Exercise directions: Pictures are to be left out; every line from the one with "Indigo's Airbus A320" through the end of the data must be transcribed exactly.

Given data:
════════════════
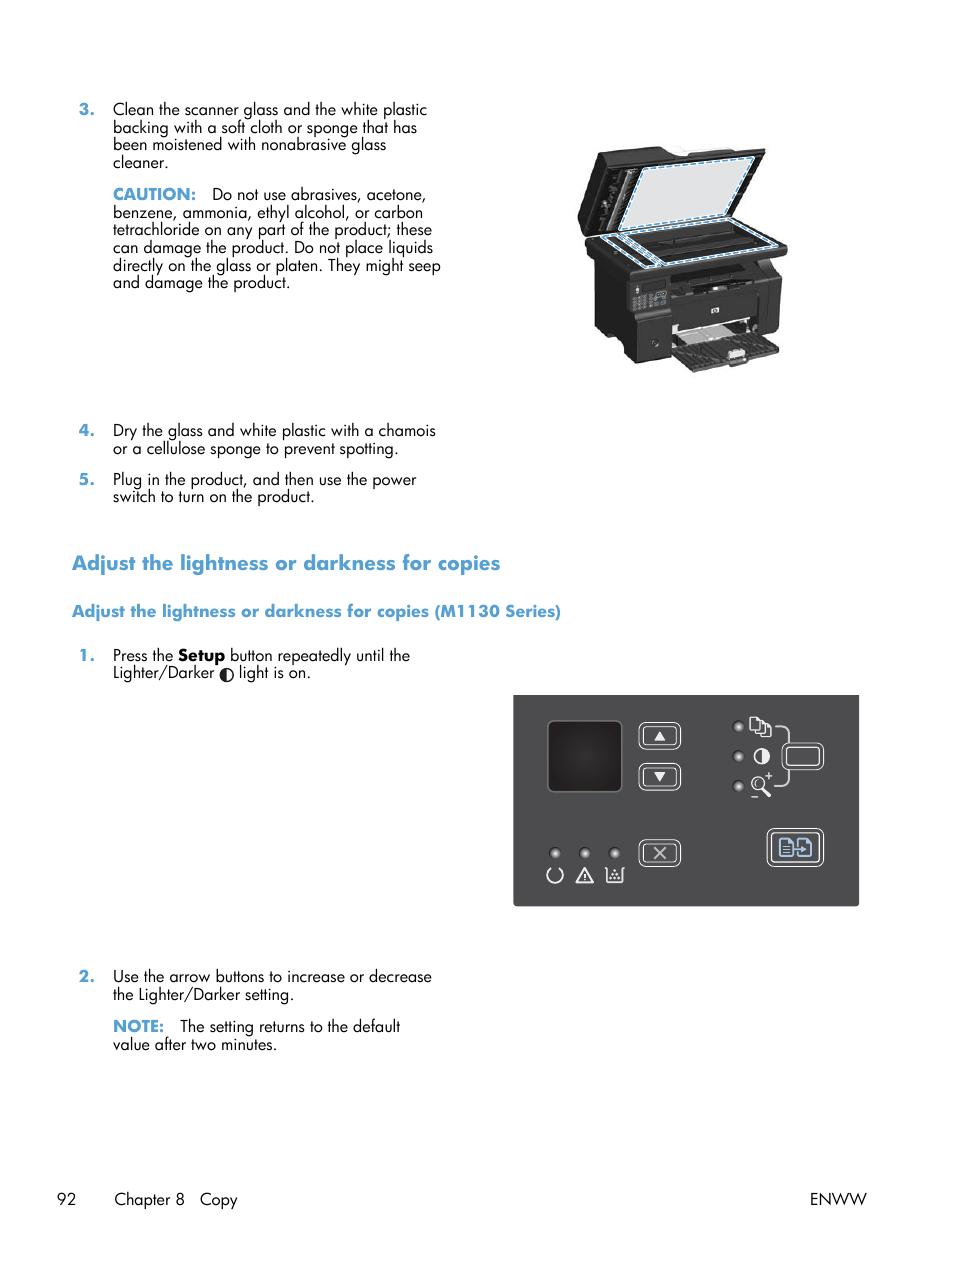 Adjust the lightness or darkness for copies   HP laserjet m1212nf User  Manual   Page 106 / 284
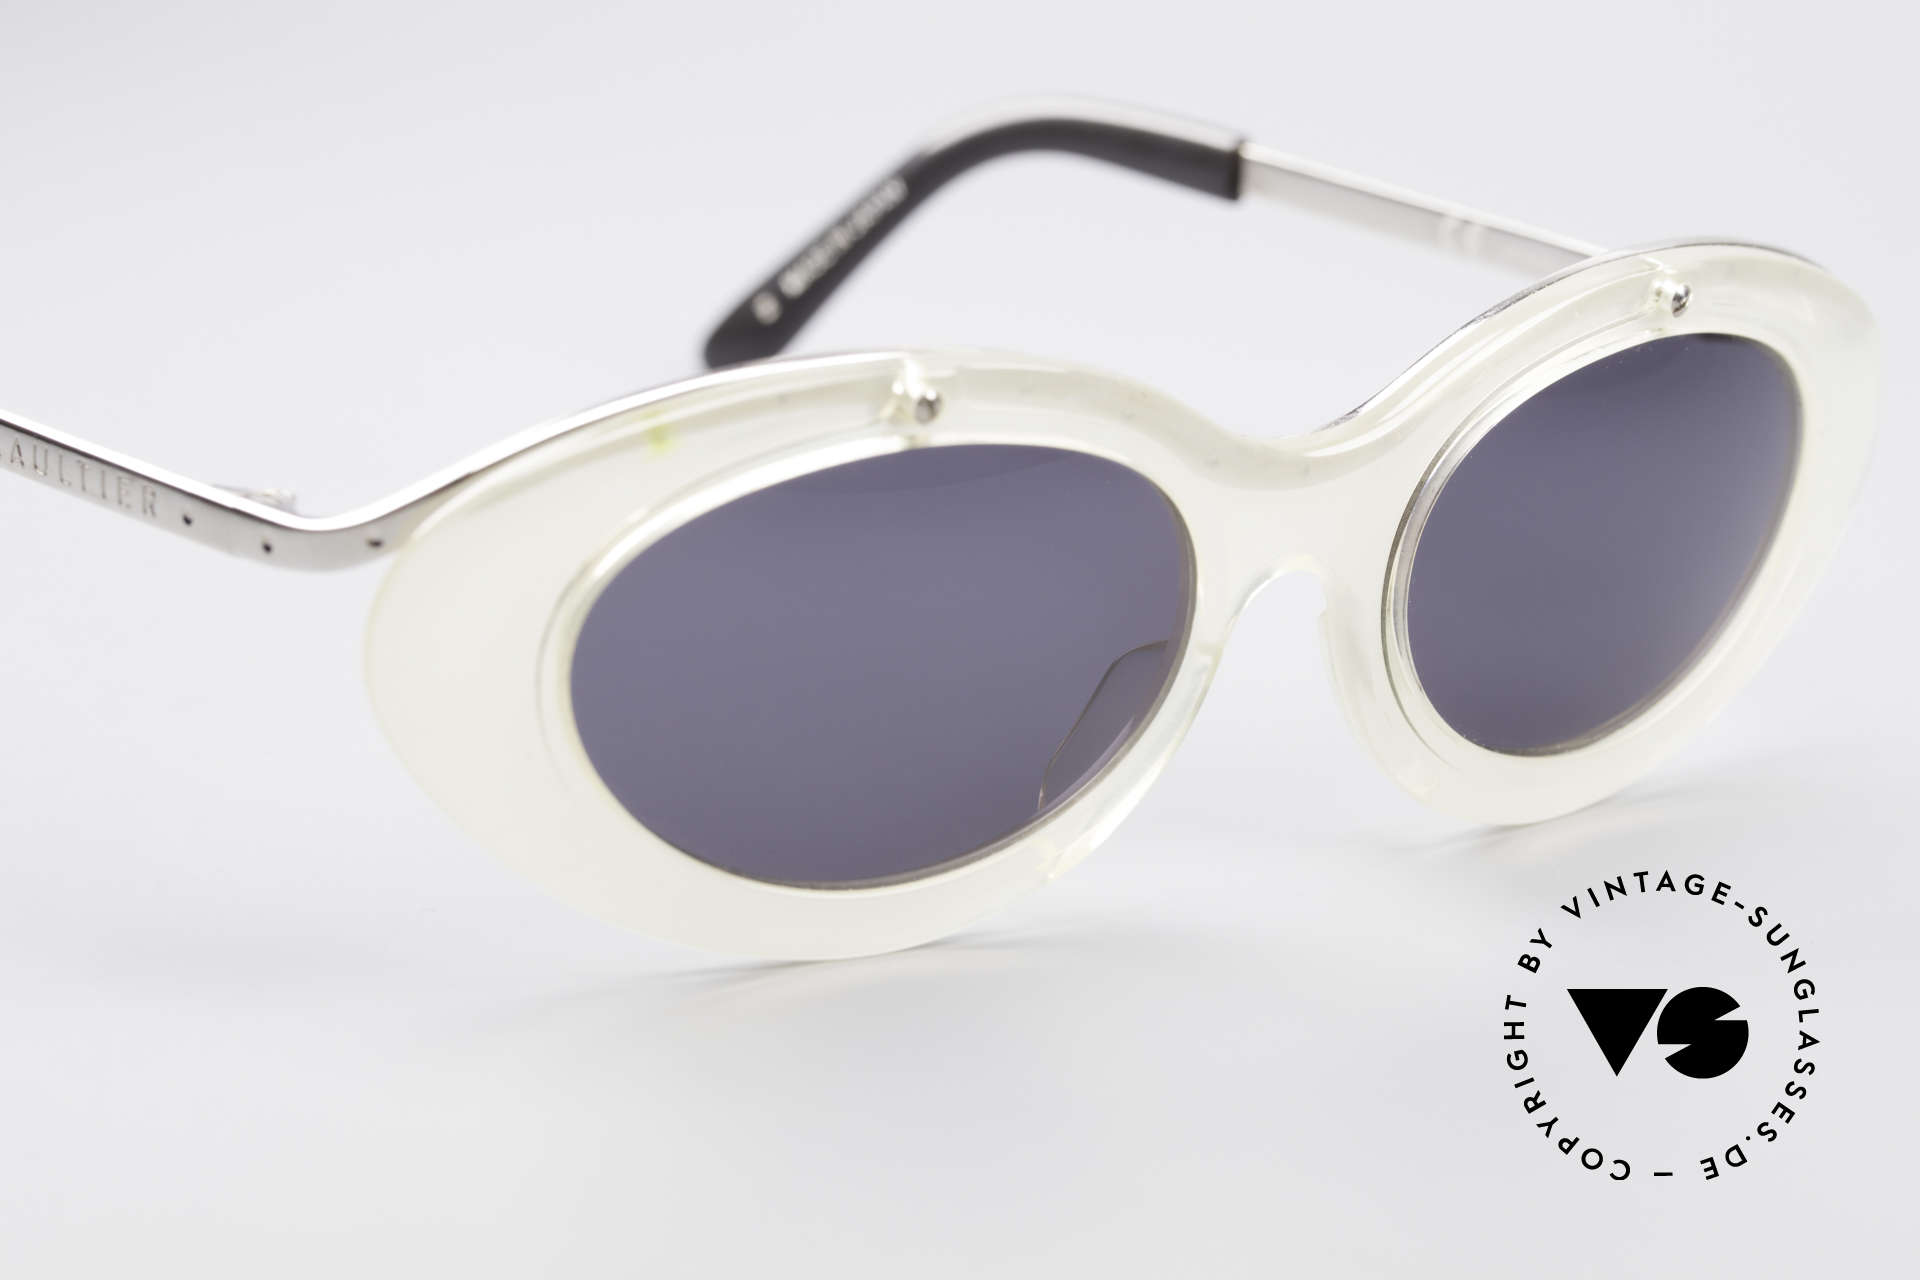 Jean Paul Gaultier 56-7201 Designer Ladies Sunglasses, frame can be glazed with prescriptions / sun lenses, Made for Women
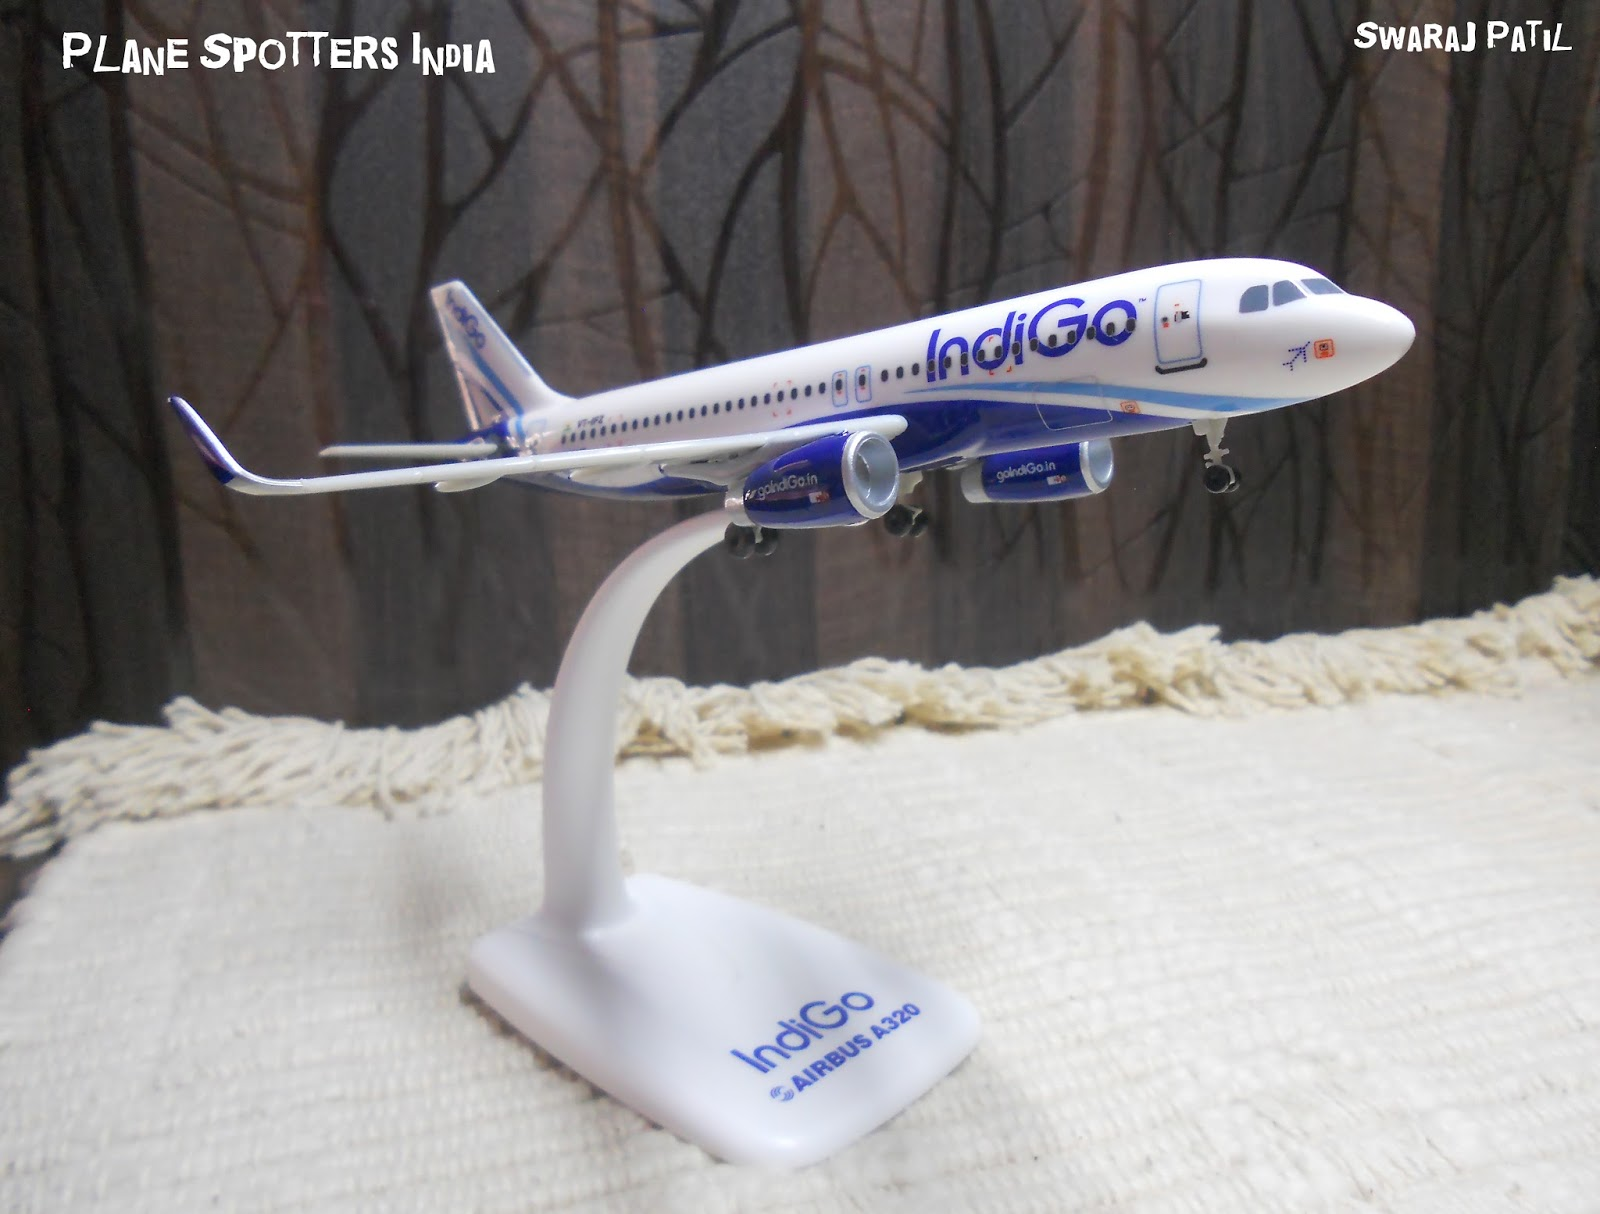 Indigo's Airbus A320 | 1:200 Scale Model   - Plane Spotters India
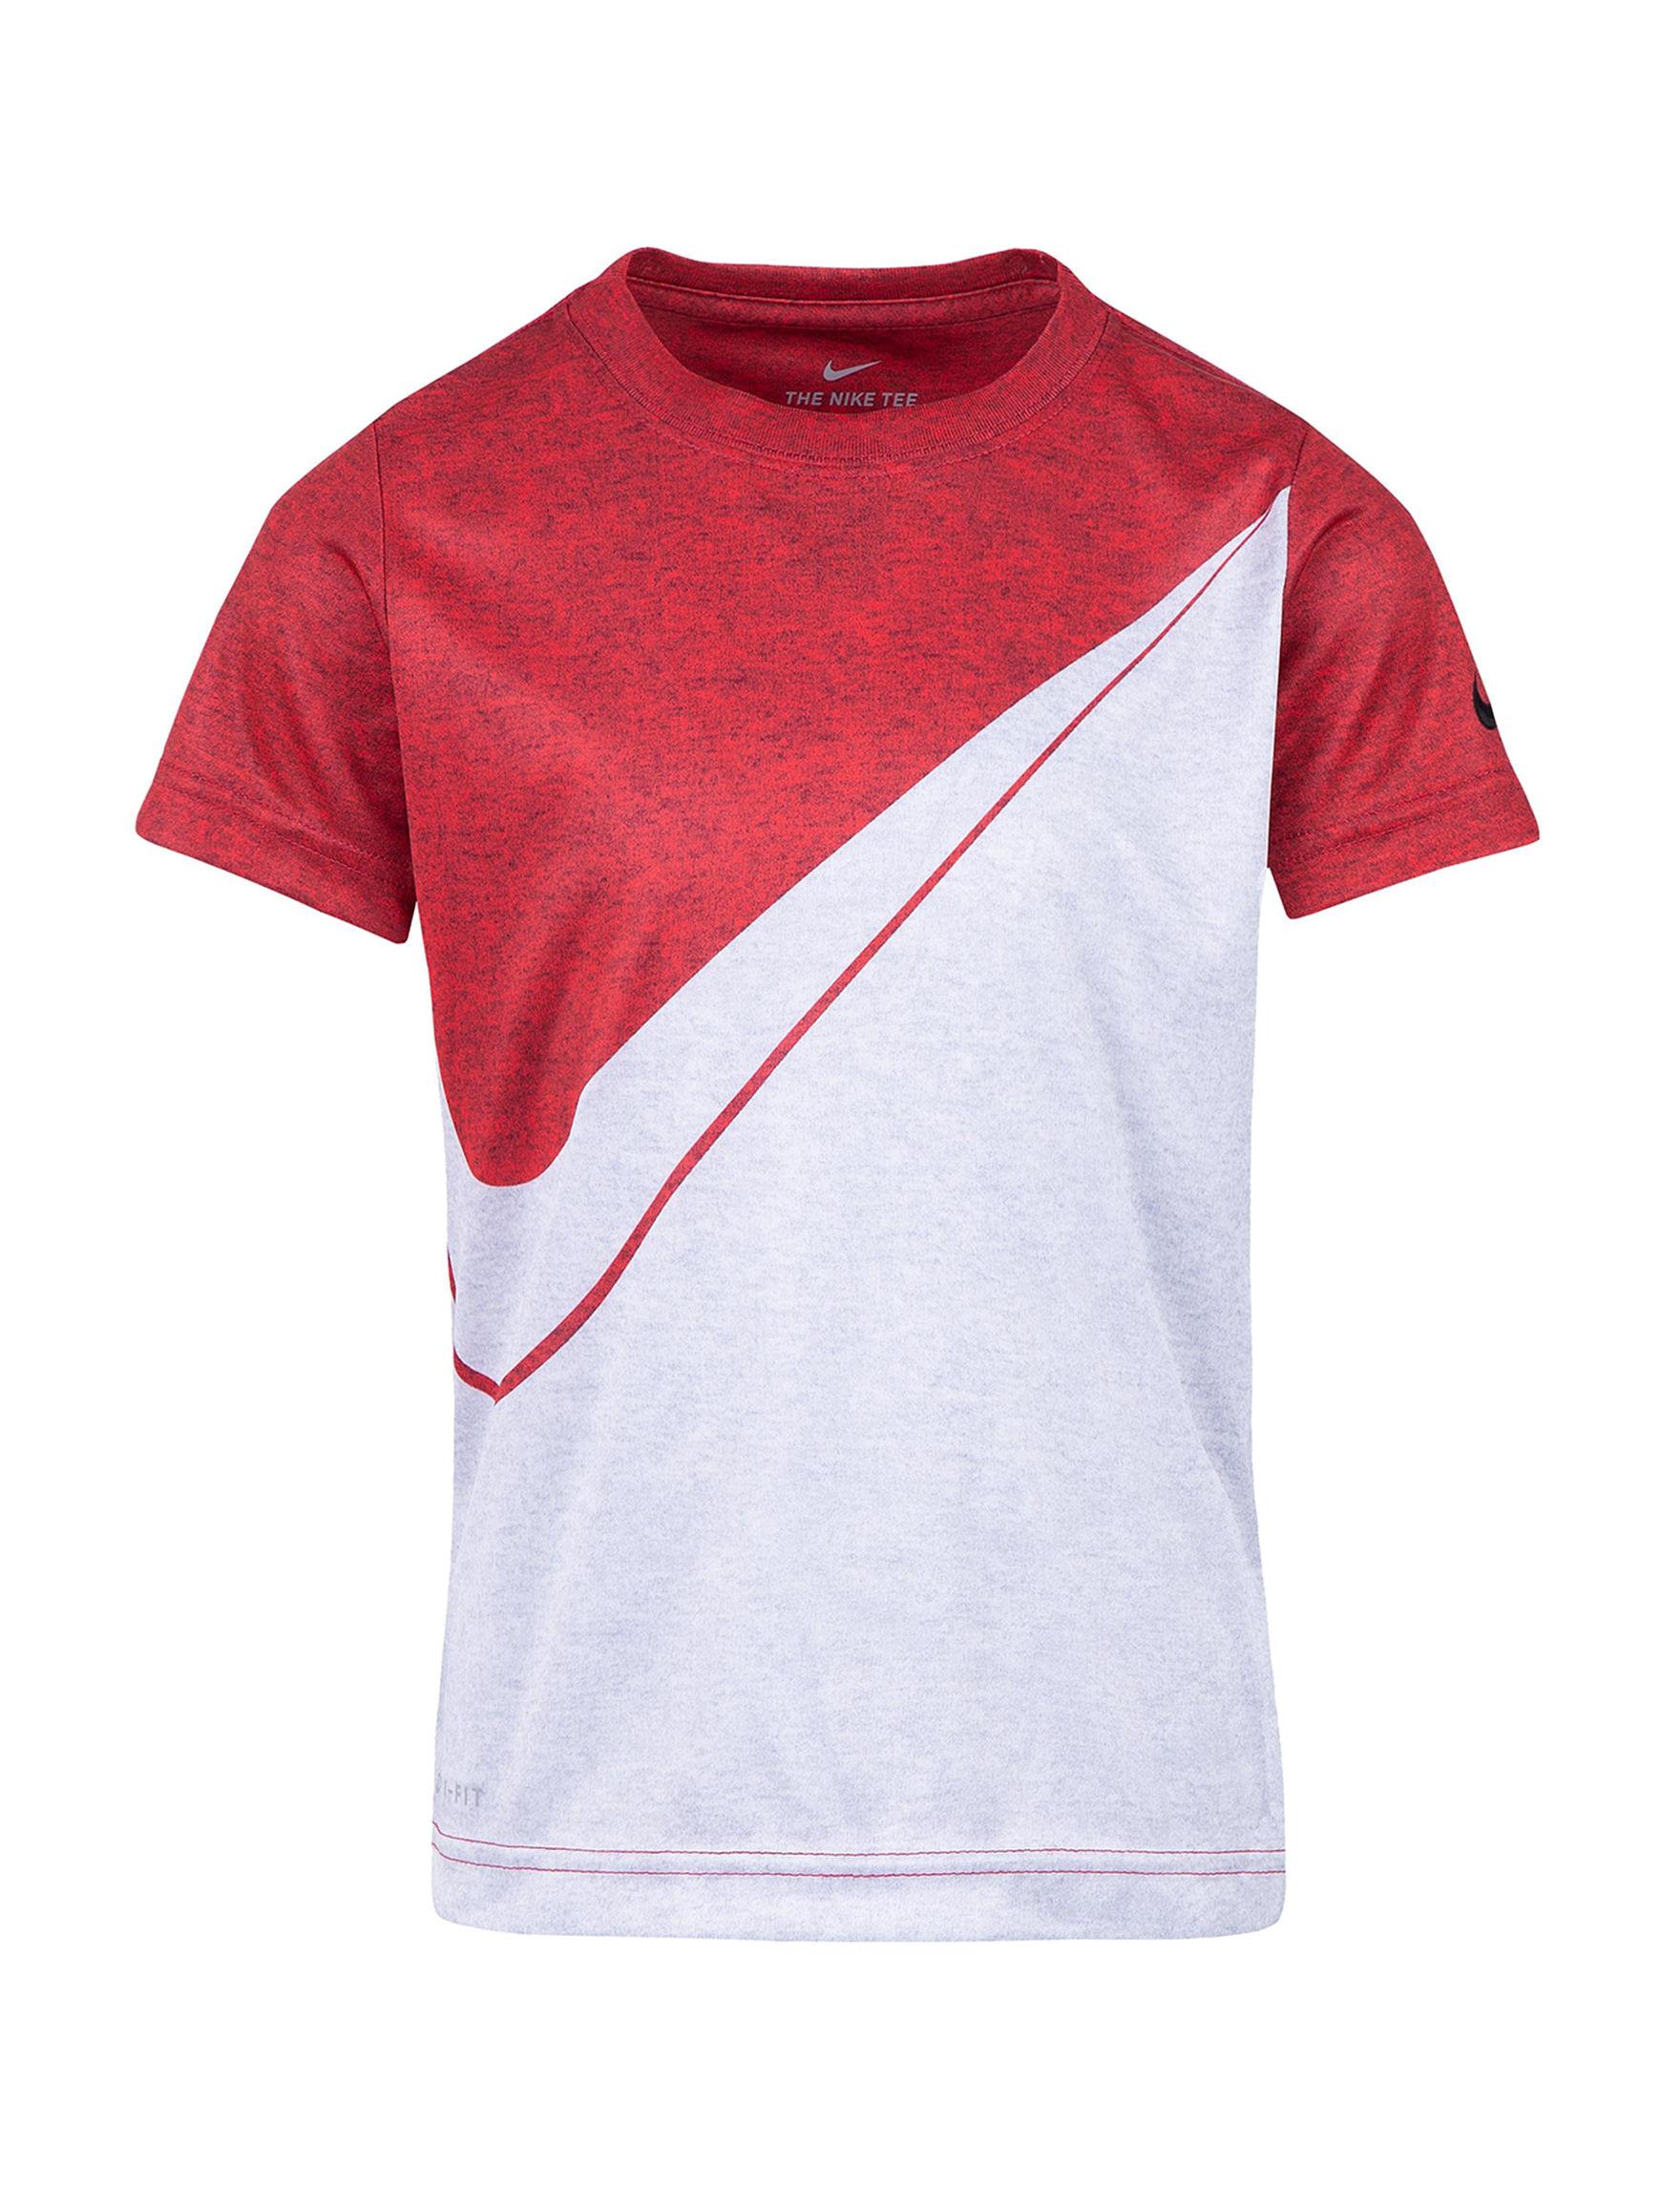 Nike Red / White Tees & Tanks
════════════════
Answer to the problem:
 Indigo's Airbus A320 | 1:200 Scale Model   - Plane Spotters India
 Nike Red / White Tees & Tanks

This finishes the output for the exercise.